We, the coauthors, thought these structural differences will end up being potentially clinically useful, because different mechanisms of action could only mean that we could serve a greater percentage of our patients who might be either underserved by their current treatment or may be having side effect challenges. We believe that diversity is a significant positive.
In this paper, we very importantly address the issue of “Why do we need more options to Schedule II stimulant medications in the treatment of ADHD?” Obviously, these stimulant medications are highly effective. There's no question about that. But even with their great effectiveness, they only, at best, serve the needs of about 70 percent of our patients. What about the rest?
Additionally, there are side effect issues many of these patients have.
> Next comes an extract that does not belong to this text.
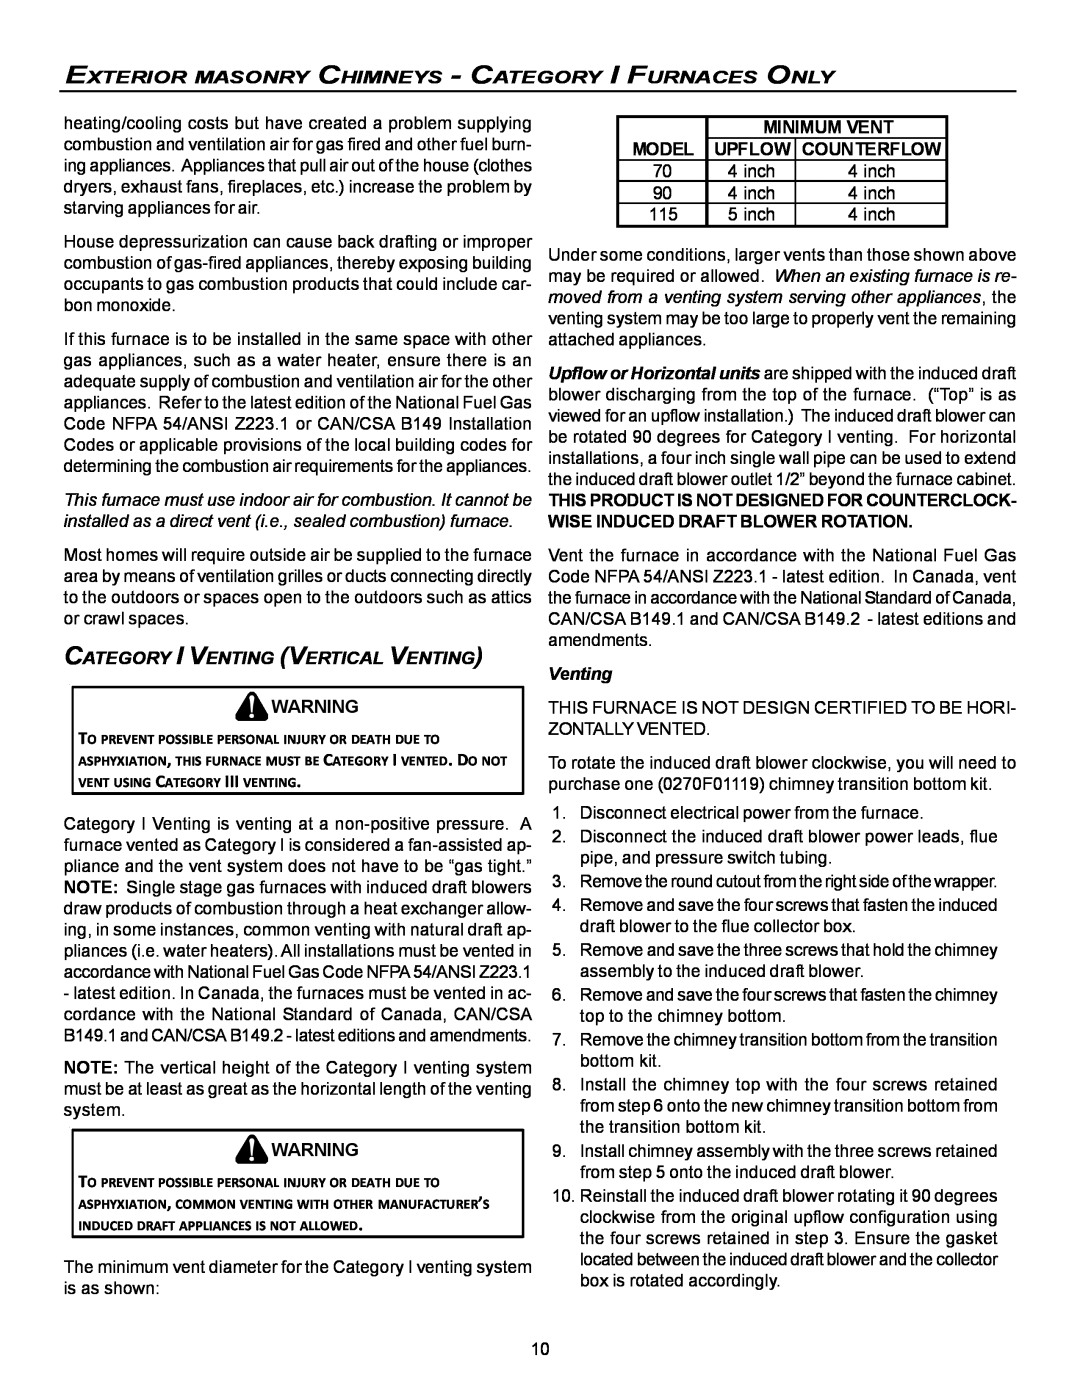 Goodman Mfg VC8 instruction manual Minimum Vent, Category I Venting Vertical Venting, Model, Upflow, Counterflow 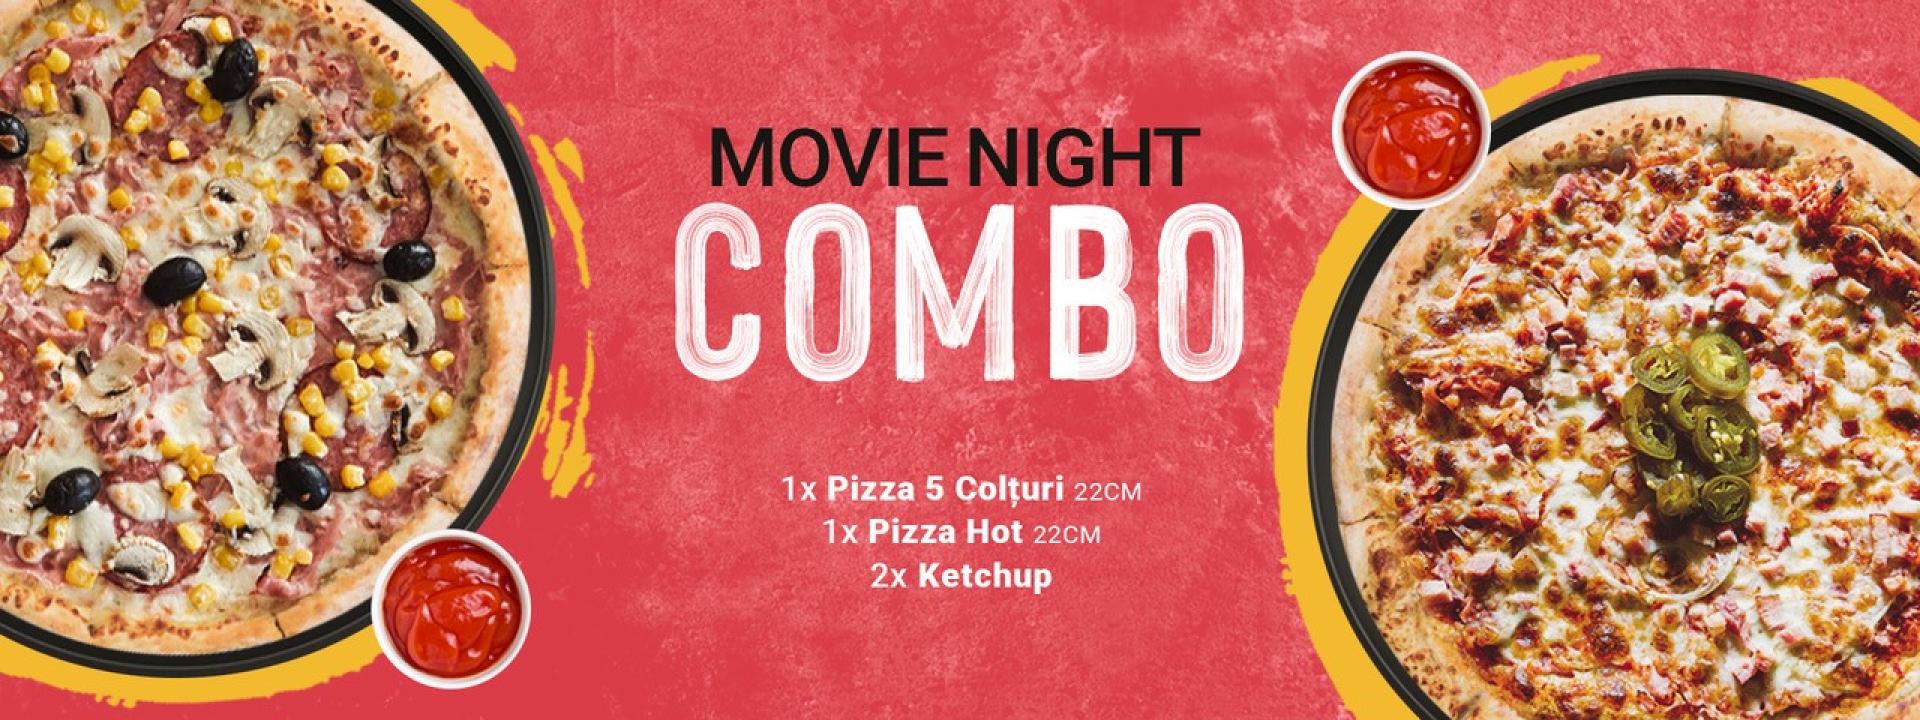 Movie Night Combo

What about them? Also, what if patients have worries about diversion, addiction, insomnia, weight challenges, mood difficulties, anxiety, tics, just to name a few?
We thought even though stimulants are surprisingly and thankfully very effective, there is a very clear need to have more treatment options besides the stimulant medications for the treatment of ADHD.
Therefore, we offered this paper with a strong desire to offer you a lay of the land as to what is currently available in the world of nonstimulants and what we hope and expect will be available in the near future.
We, the coauthors, thank you very much for your interest on the topic of current and future nonstimulants in the treatment of ADHD. This is Rakesh Jain wishing you and your patients the very best. Goodbye.
Cutler AJ, Mattingly GW, Jain R, O'Neal W. Current and future nonstimulants in the treatment of pediatric ADHD: monoamine reuptake inhibitors, receptor modulators, and multimodal agents. CNS Spectrums. 2020:1-9.